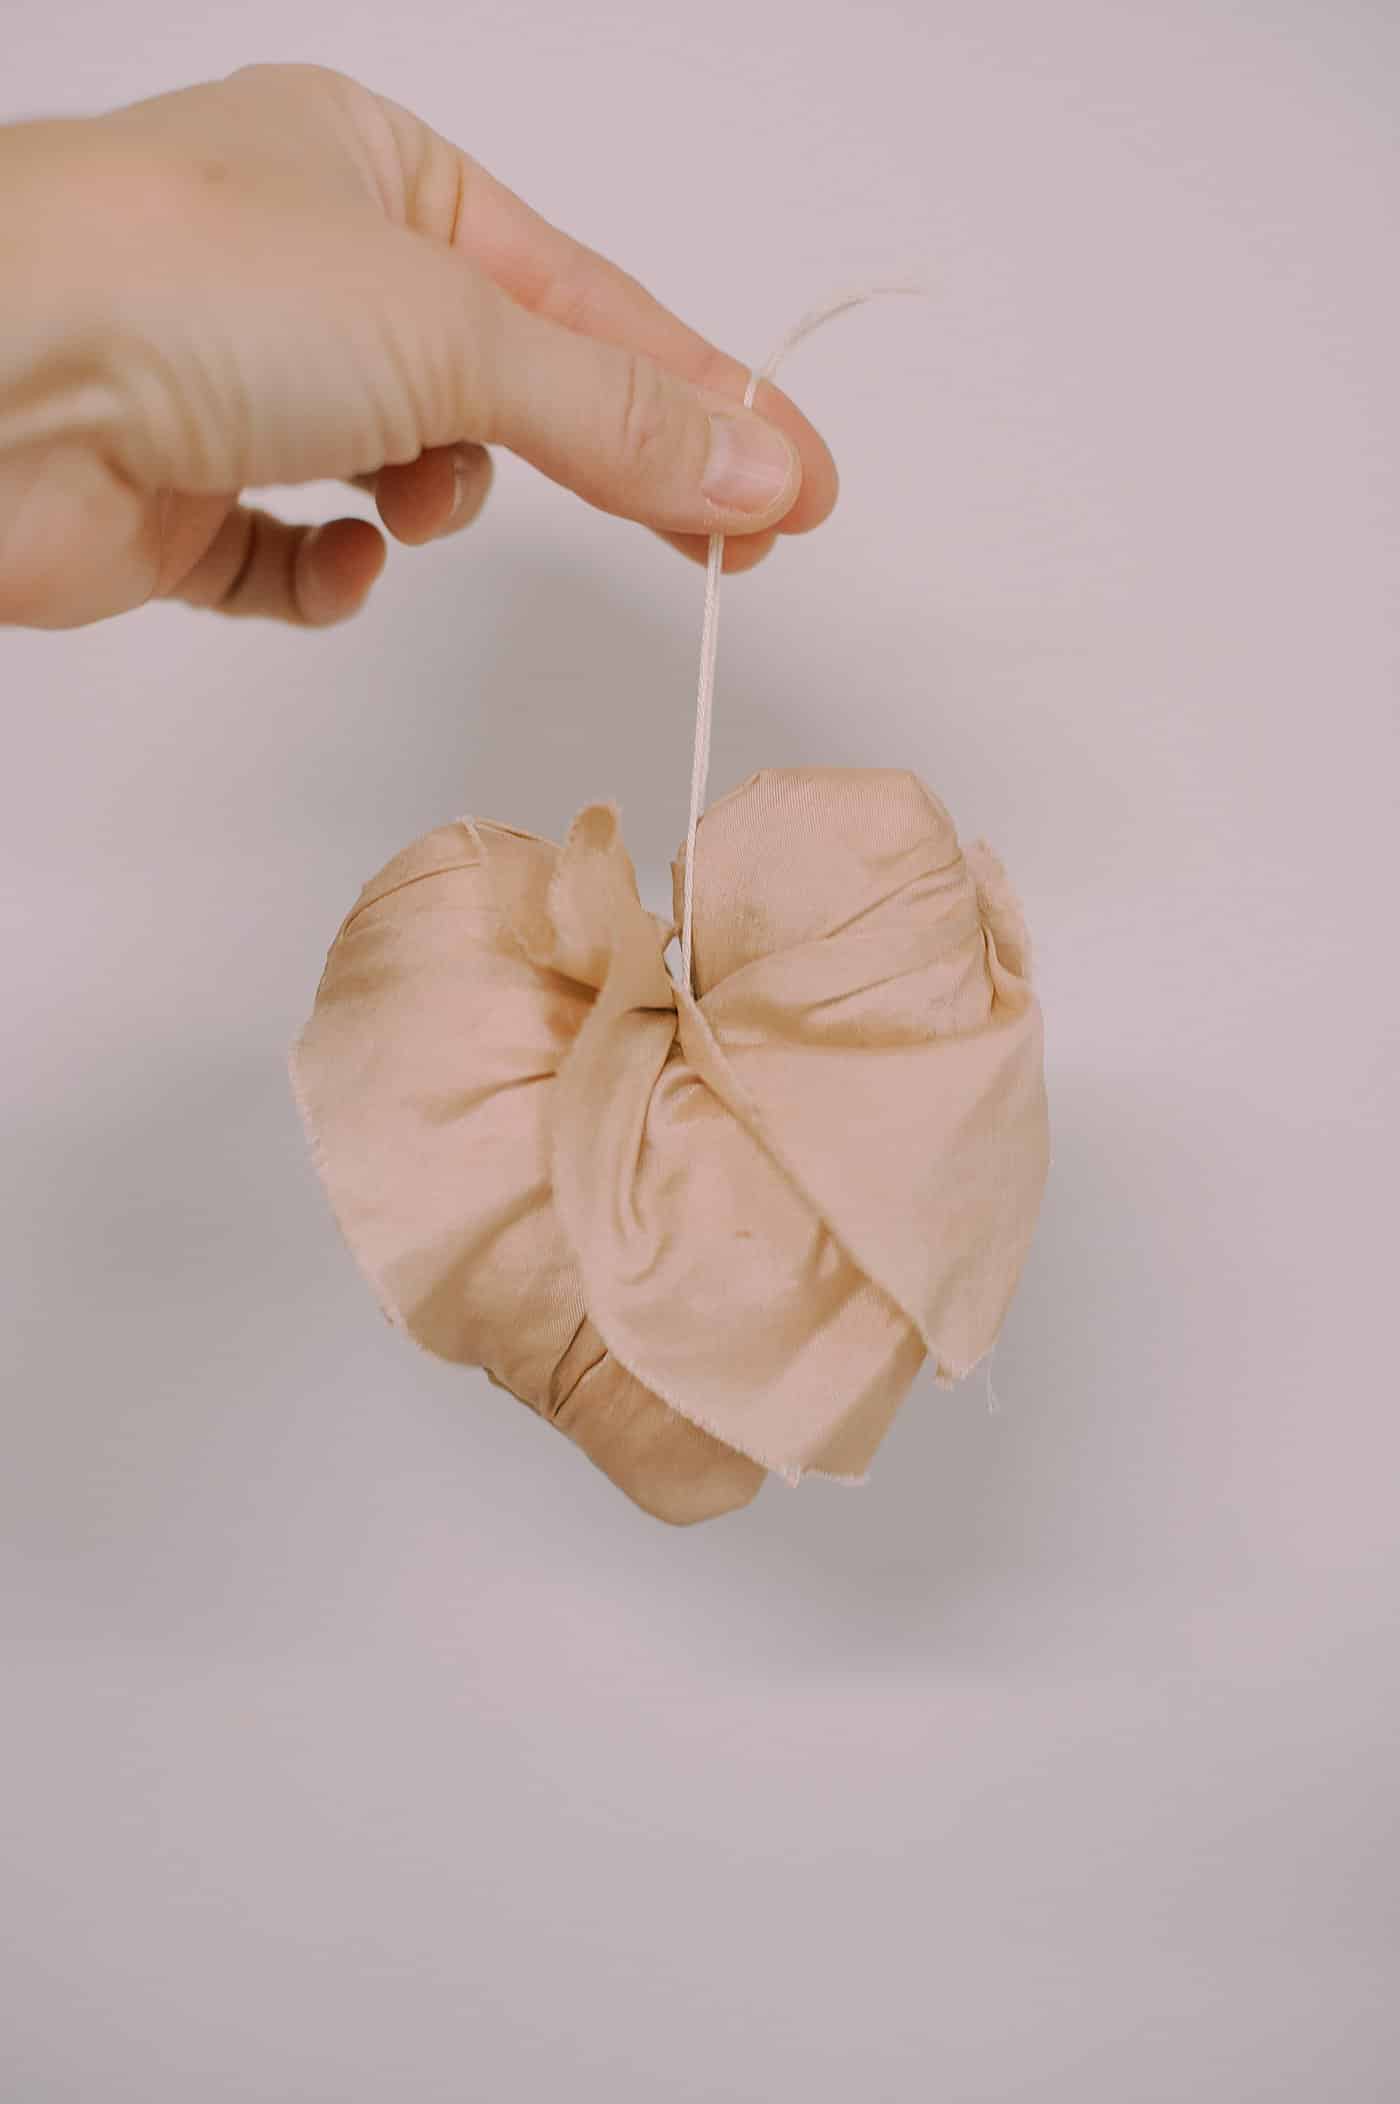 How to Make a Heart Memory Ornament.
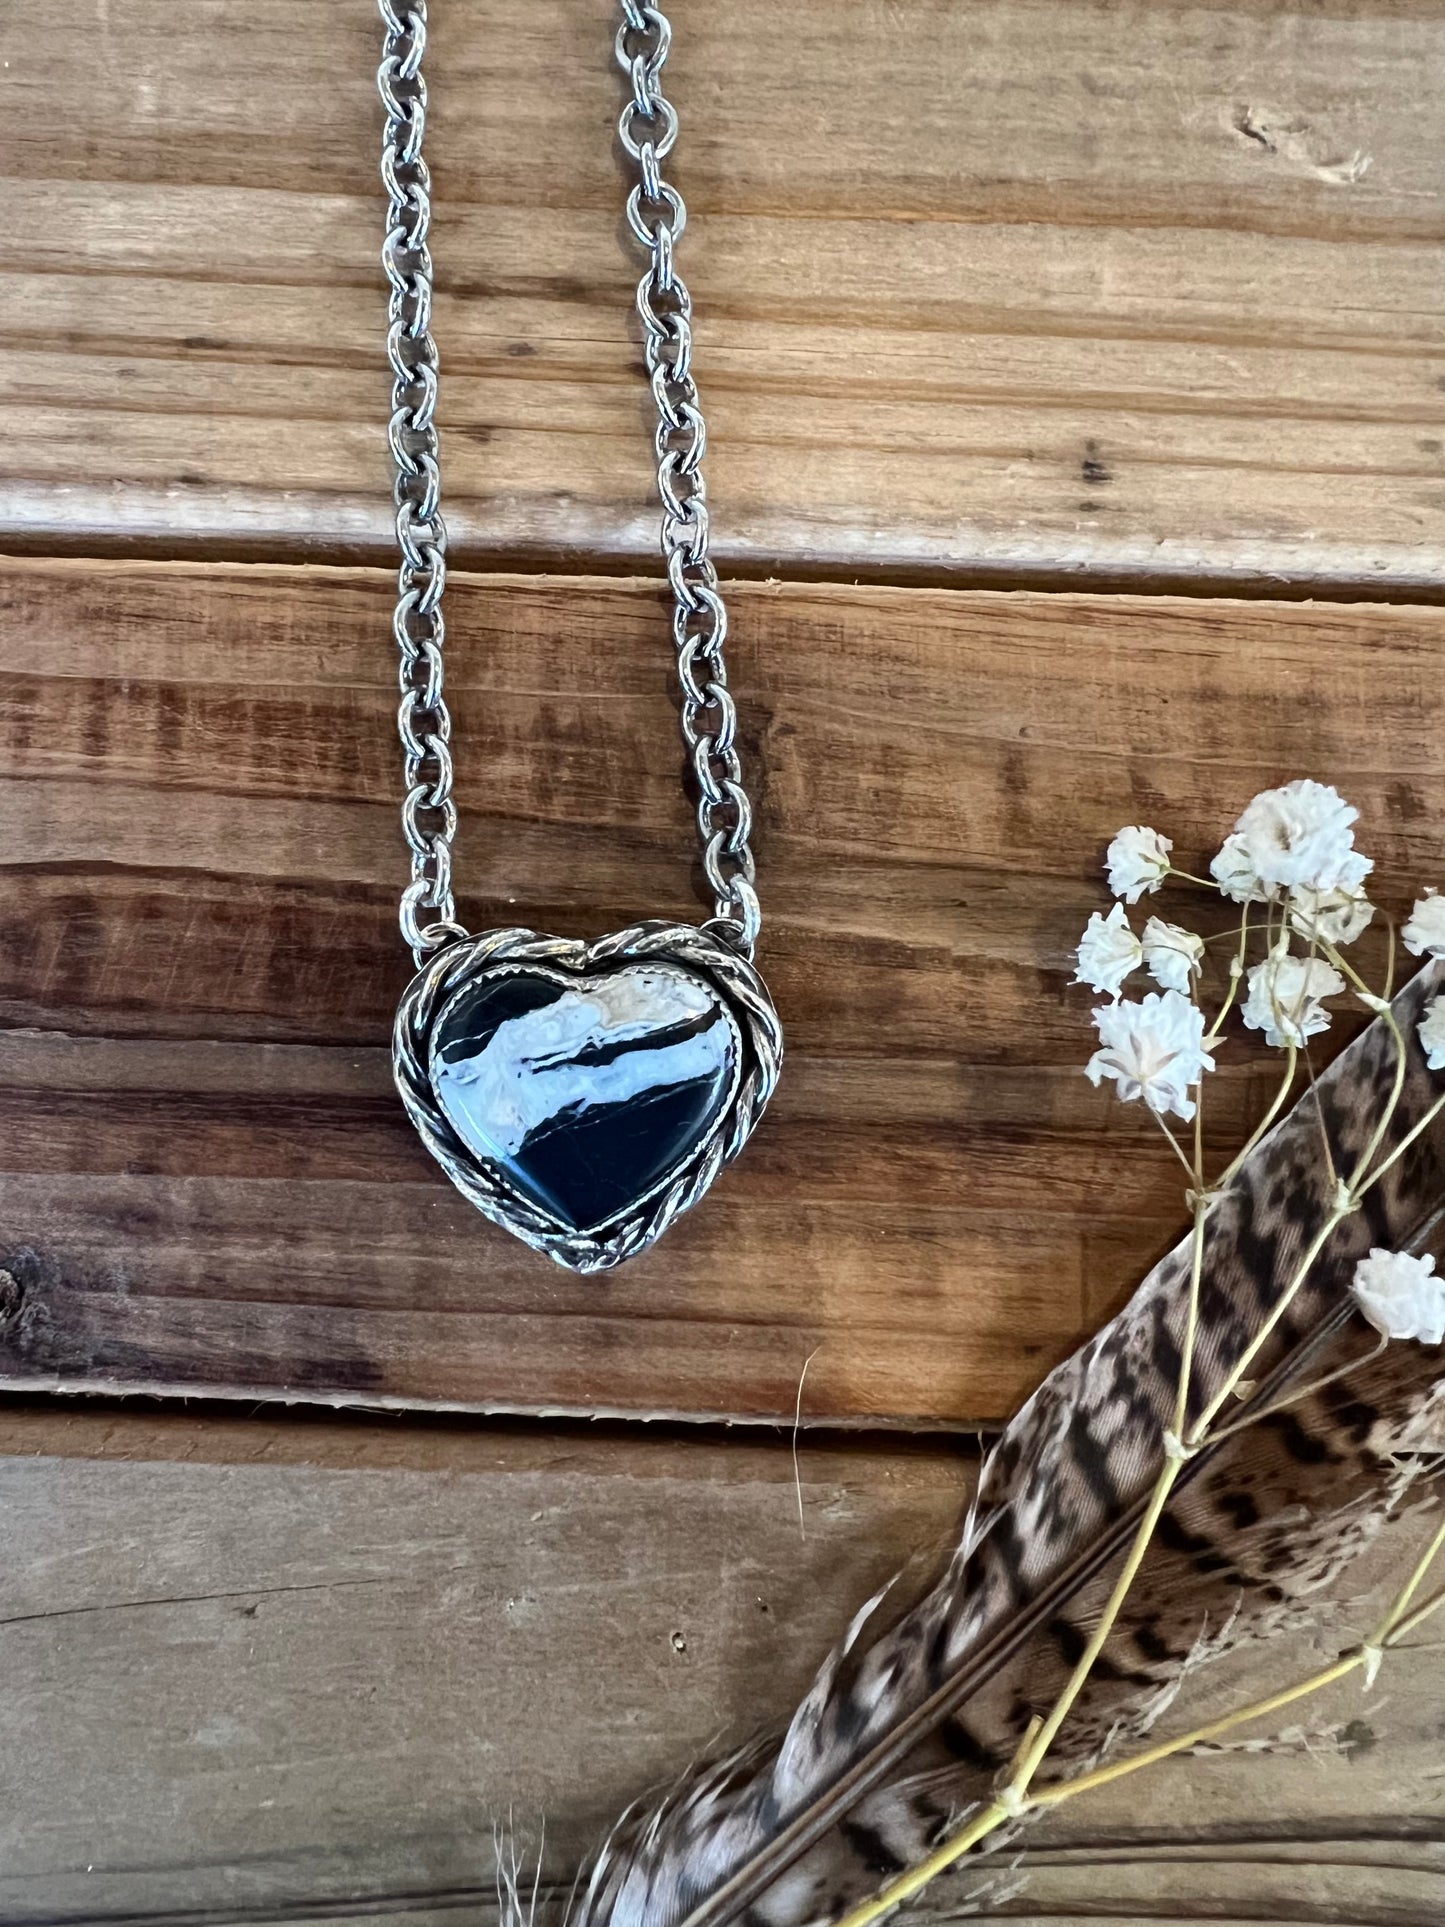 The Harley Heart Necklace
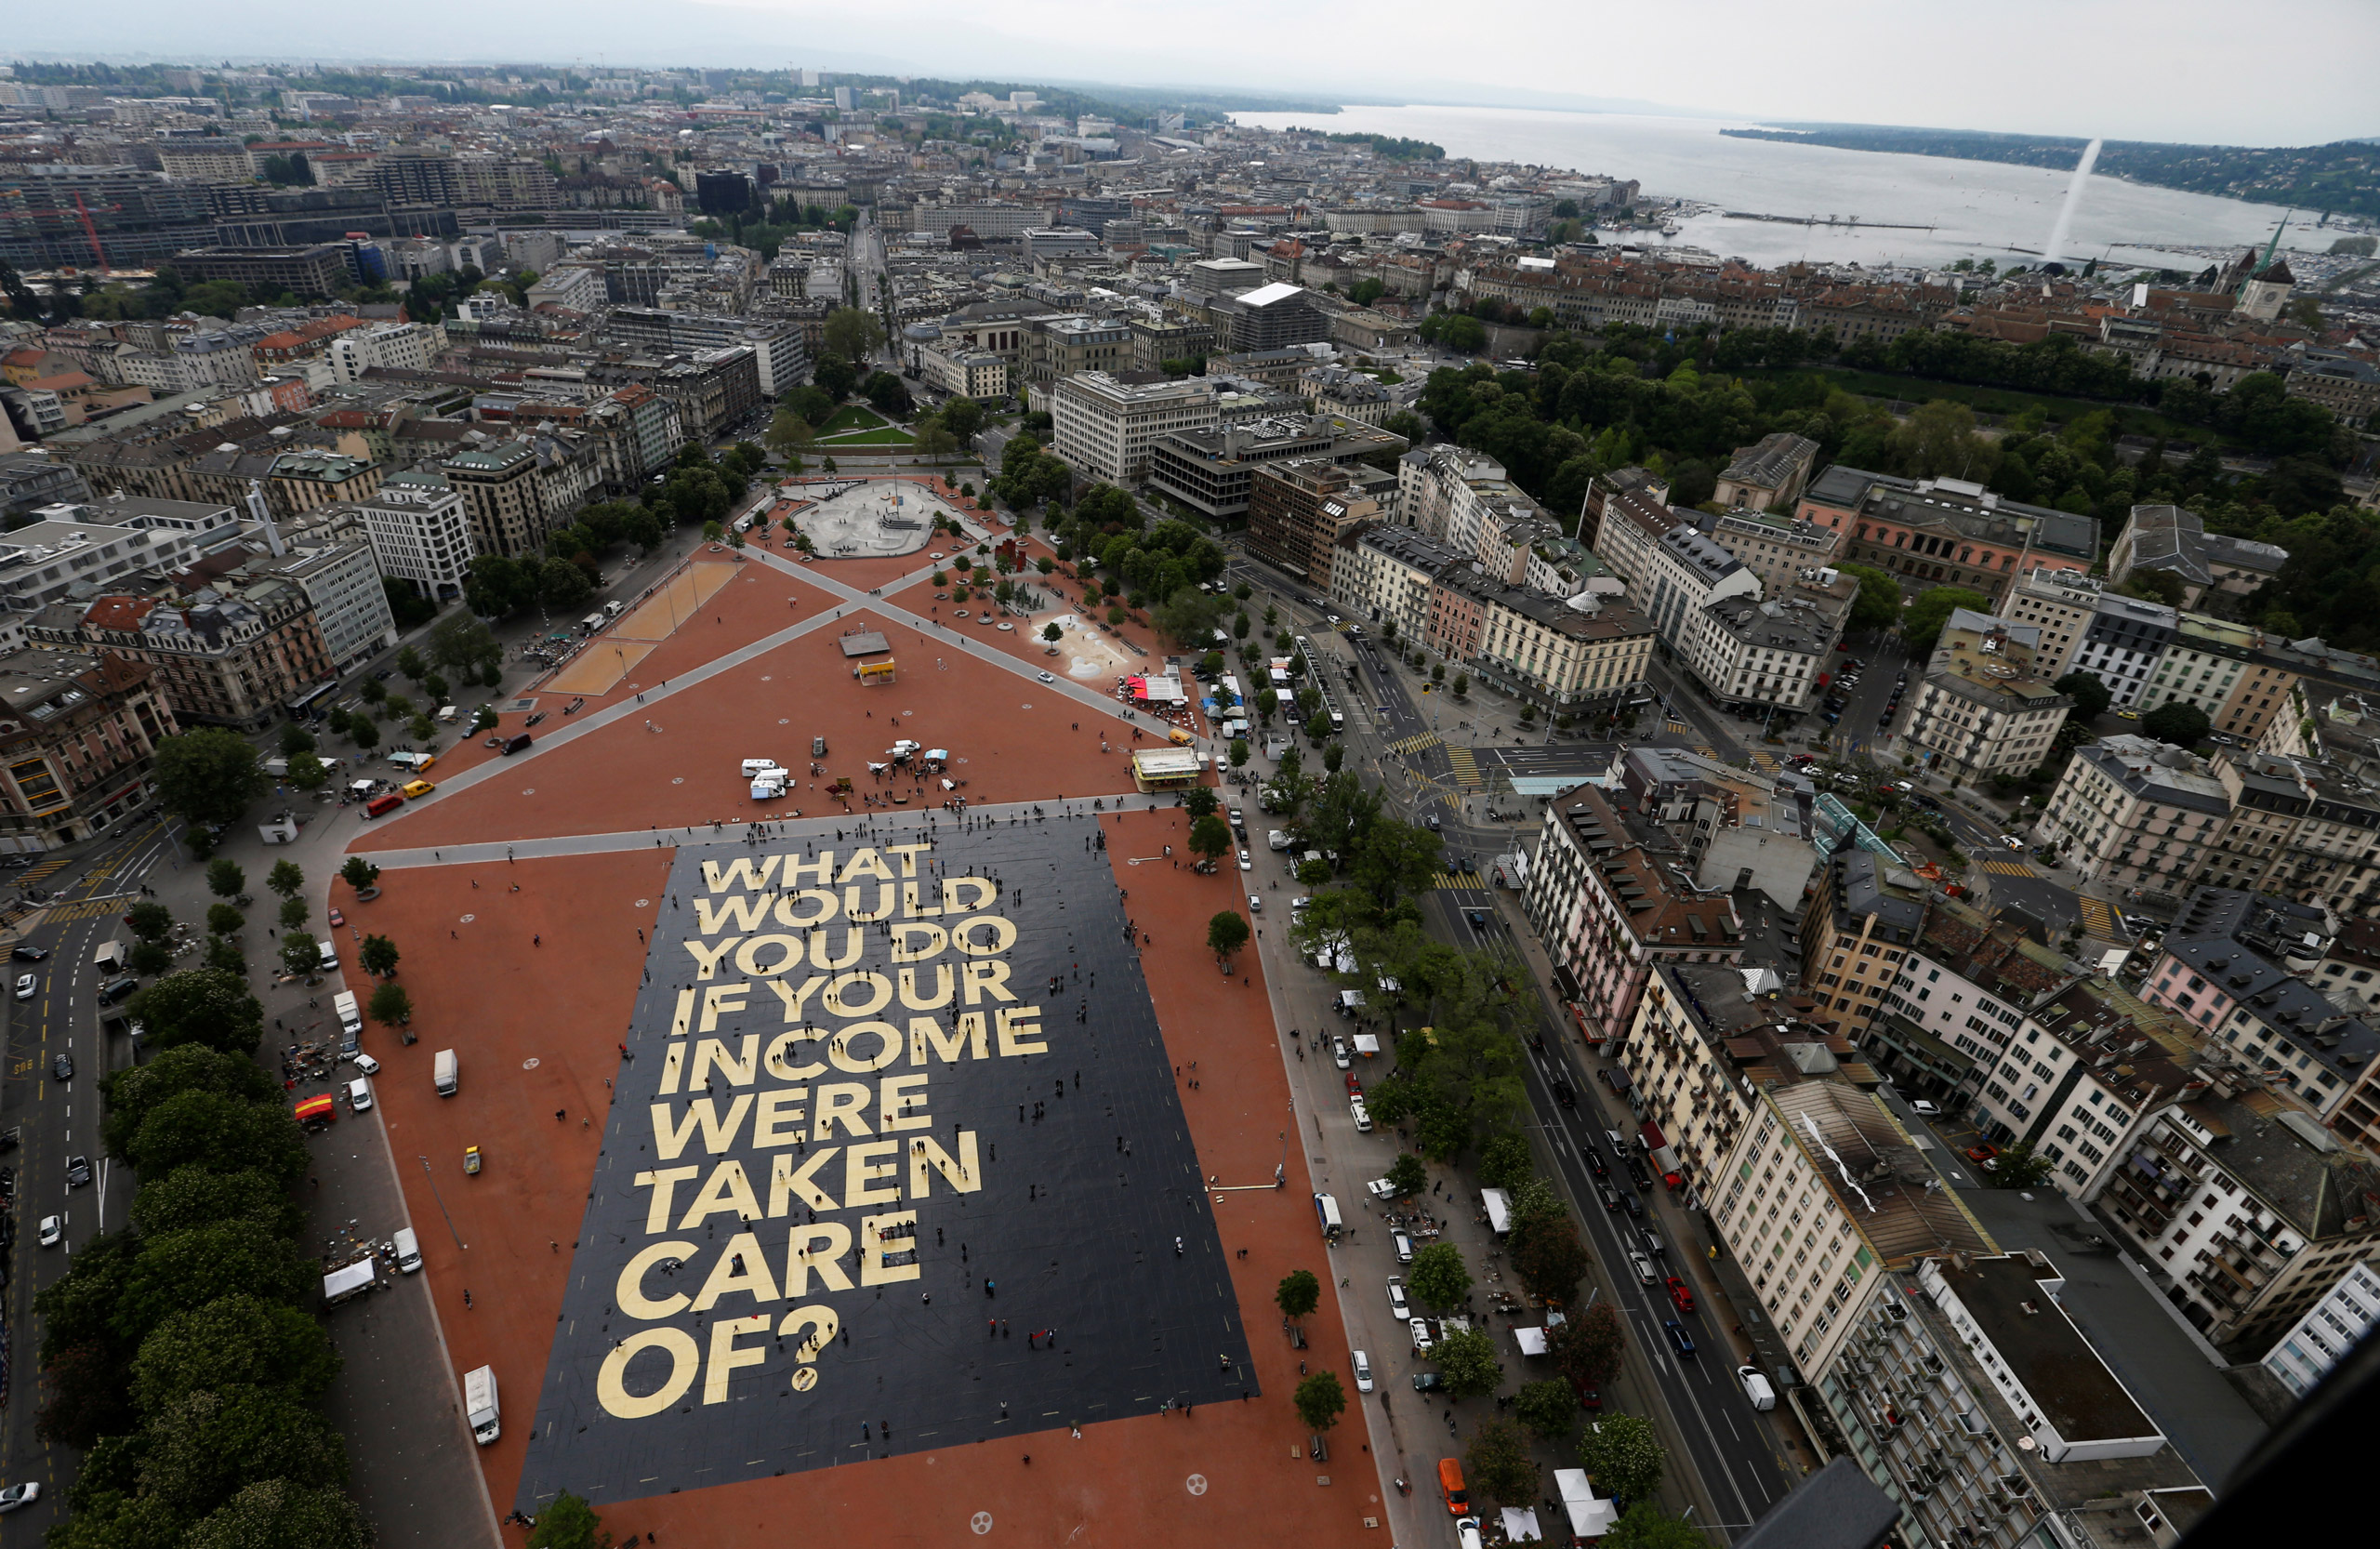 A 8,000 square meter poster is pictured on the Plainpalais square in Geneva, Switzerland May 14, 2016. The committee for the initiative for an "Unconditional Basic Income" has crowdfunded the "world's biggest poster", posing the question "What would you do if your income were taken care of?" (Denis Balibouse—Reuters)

TASK DIRECTIONS
Restate the whole listing word for word. Omit the pictures.

EXPECTED ANSWER
 How to Make a Heart Memory Ornament.
 The Harley Heart Necklace
 A 8,000 square meter poster is pictured on the Plainpalais square in Geneva, Switzerland May 14, 2016. The committee for the initiative for an "Unconditional Basic Income" has crowdfunded the "world's biggest poster", posing the question "What would you do if your income were taken care of?" (Denis Balibouse—Reuters)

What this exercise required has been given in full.